JP2005086162A - Chip type diode of smd (surface mount device) - Google Patents

Abstract

<P>PROBLEM TO BE SOLVED: To provide a chip type diode of a surface mount device capable of contracting a chip volume of the diode by a large extent, and of improving a thermal conduction property. <P>SOLUTION: By a diffusion technology a p+ type semiconductor 11 and an n+ type semiconductor 12 are formed on both end surfaces of a semiconductor wafer to make a plurality of diodes, respectively. A plurality of grooves are processed at one end surface of each diode so that a depth of each of the grooves may reach another end surface. An insulating layer 30 partitioning the semiconductor on the end surface to two sections of mutual insulation is sintered. The p+ type semiconductor 11 at a central portion is covered by a conductive metal layer and is used as a soldering conduction edge, and peripheral portions of the p+ type semiconductor 11 are covered by another conductive metal layer. Another conductive metal layer is extended to a side edge of another semiconductor on the other end surface of each diode to form a soldering conductive edge. Two independent soldering conductive edges are formed at the same end of the diode, and conduct a current with the p+ type semiconductor 11 and the n+ type semiconductor 12. <P>COPYRIGHT: (C)2005,JPO&NCIPI

Description

  The present invention relates to a structure of a diode, and more particularly to an SMD chip type diode.

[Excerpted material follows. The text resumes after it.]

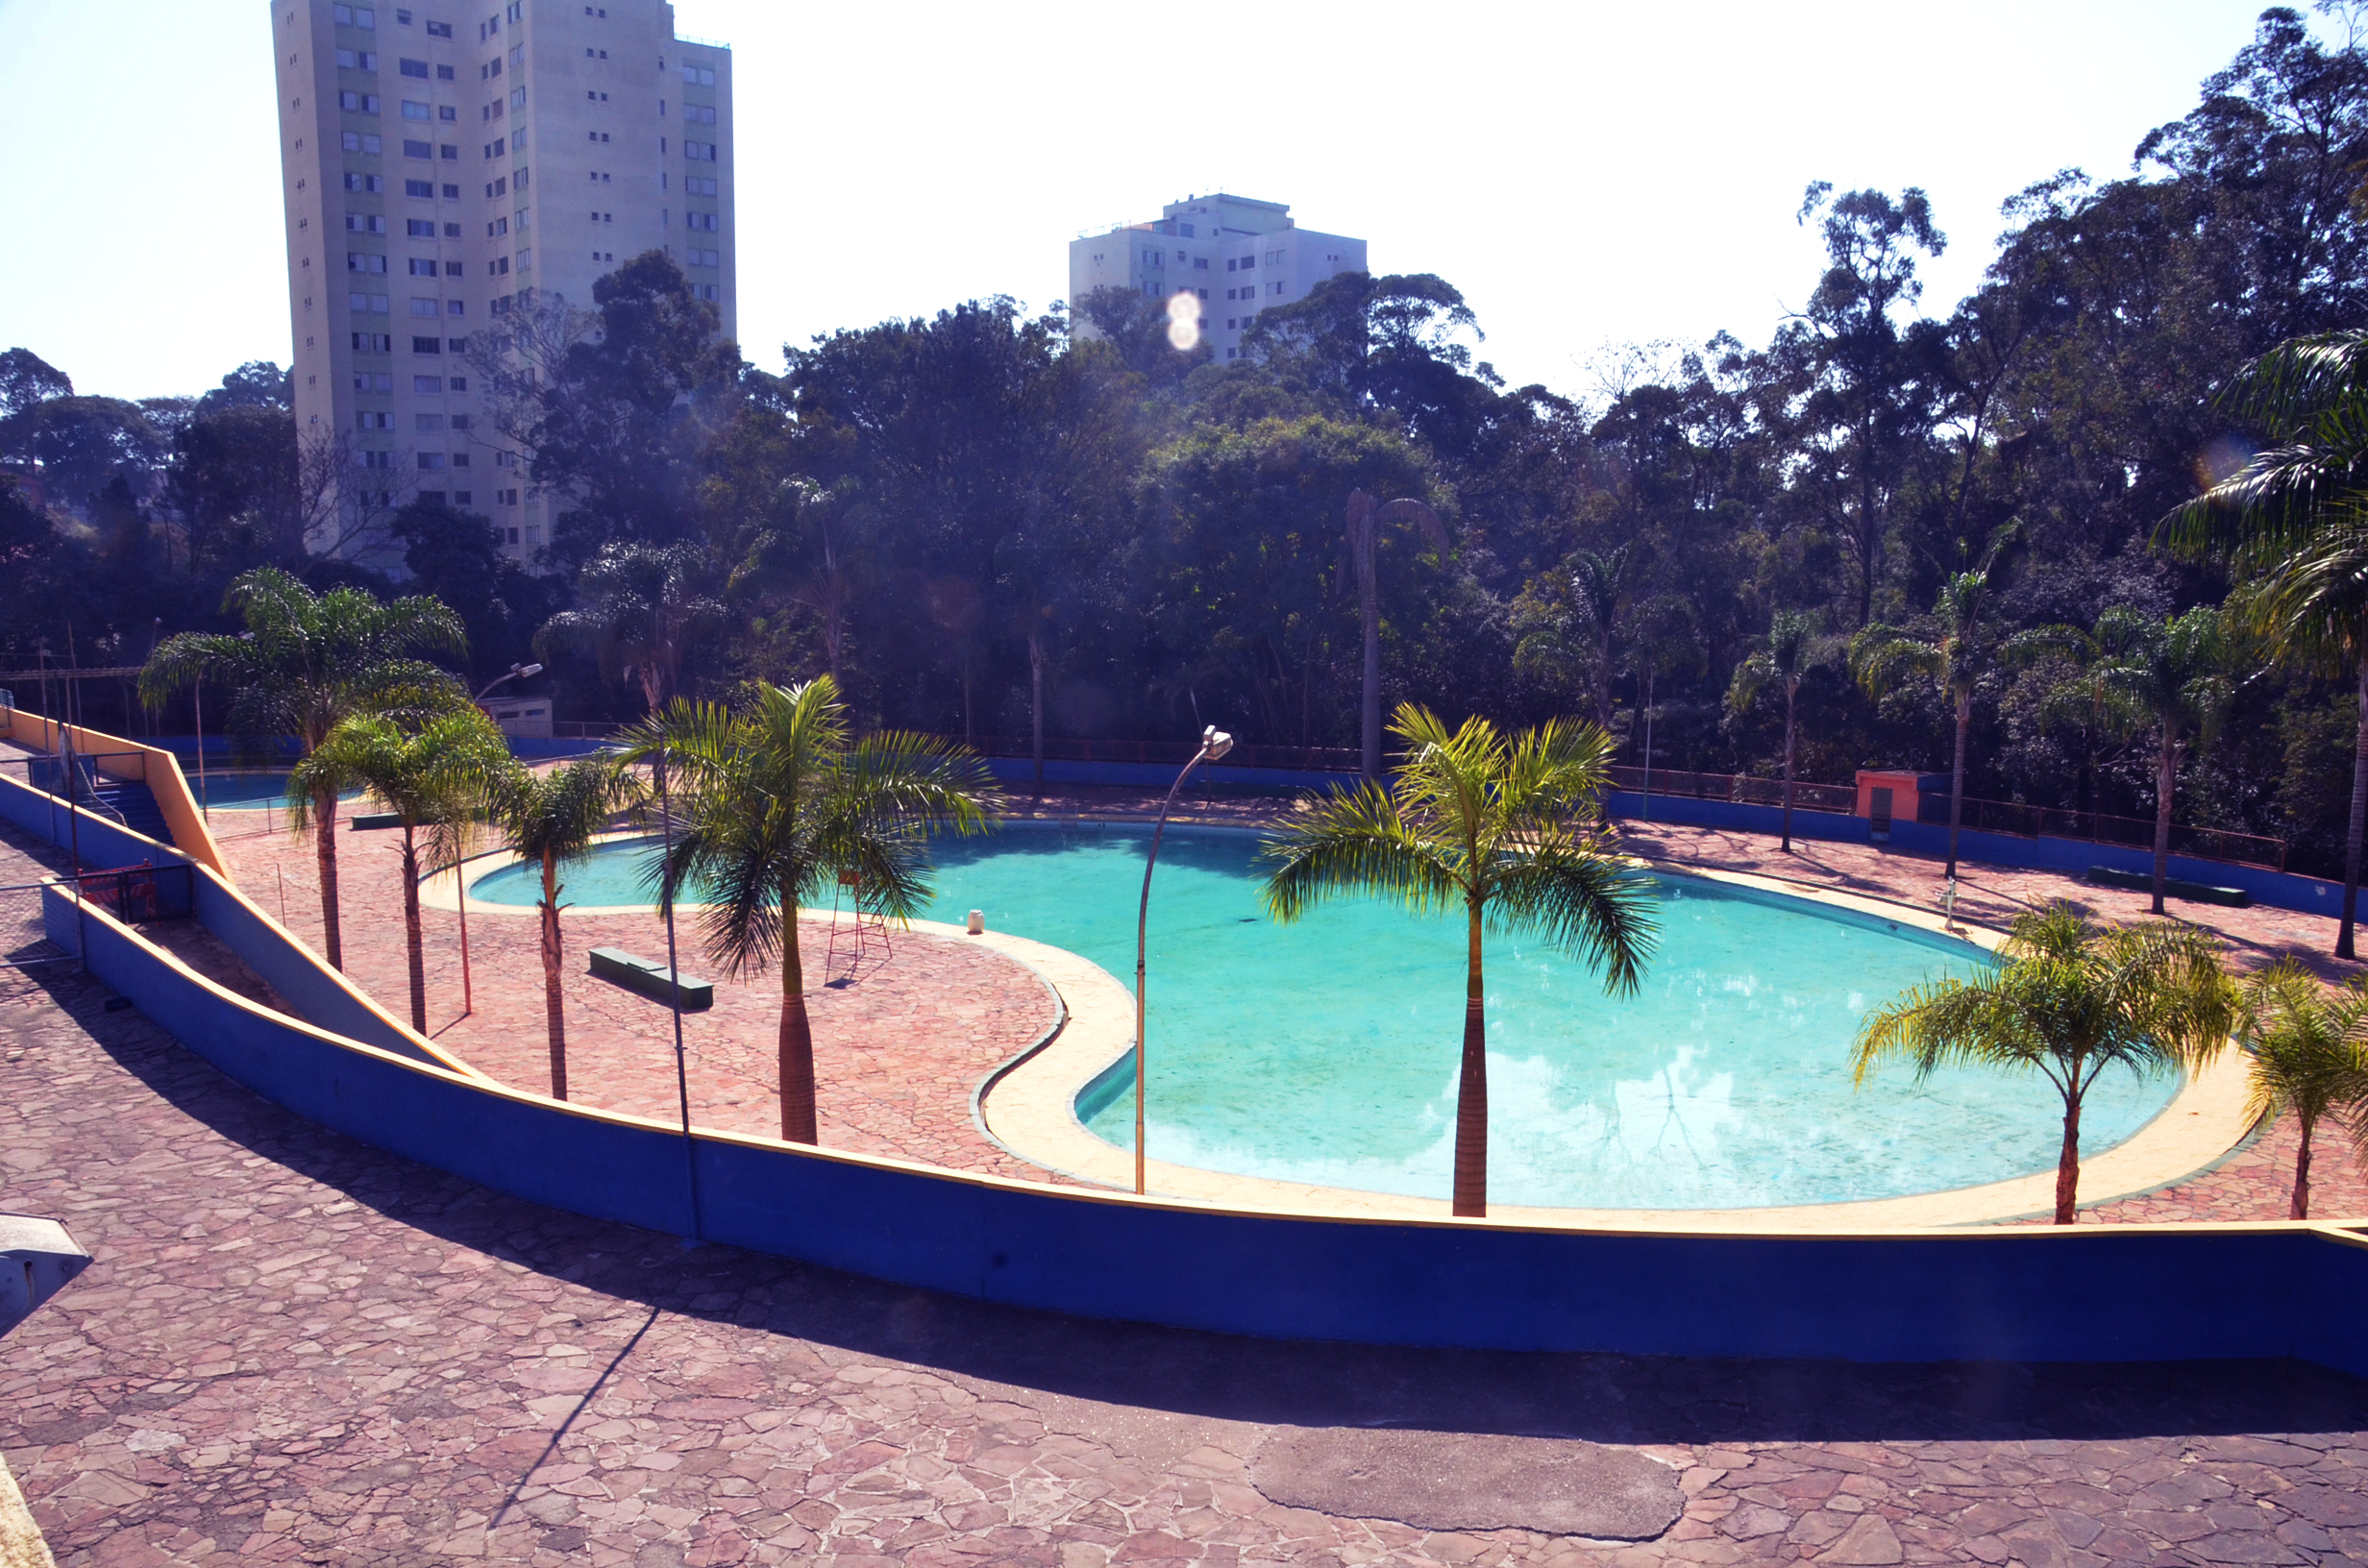 Foto do Centro Esportivo Pirituba durante o dia. No centro da imagem estão algumas palmeiras e, atrás delas, a piscina.

  In general, the basic structure of a diode element that looks good on the market includes a silicon chip. Conductive metal flakes are welded to both end faces of the silicon chip. In addition, a wire is welded to another side of the conductive metal flakes. These wires are connected to other electronic circuits. Conventionally, in the manufacturing process of the existing diode element, the silicon chip must be etched after the silicon chip is integrally bonded with the conductive metal flakes. When the silicon rubber and the conductive metal flakes are injected into the periphery of the silicon chip and conductive metal flakes by etching after the etching, a general diode element is formed. In other words, in the conventional diode manufacturing process, after the silicon chip is etched, it is encapsulated with resin or other glue.

  However, the heat-resistant temperature of these resins or other glues is not high, so when used as a rectifying unit with a high power factor input current or when used in a high temperature environment, it is always damaged due to high heat. Accordingly, the correlated electronic equipment cannot operate normally, which not only seriously affects the service life and quality of the electronic equipment, but also causes troublesome maintenance. In addition, since the encapsulated shell formed from these resins or other glues requires a space of a certain size, the volume of existing diodes cannot be reduced conventionally.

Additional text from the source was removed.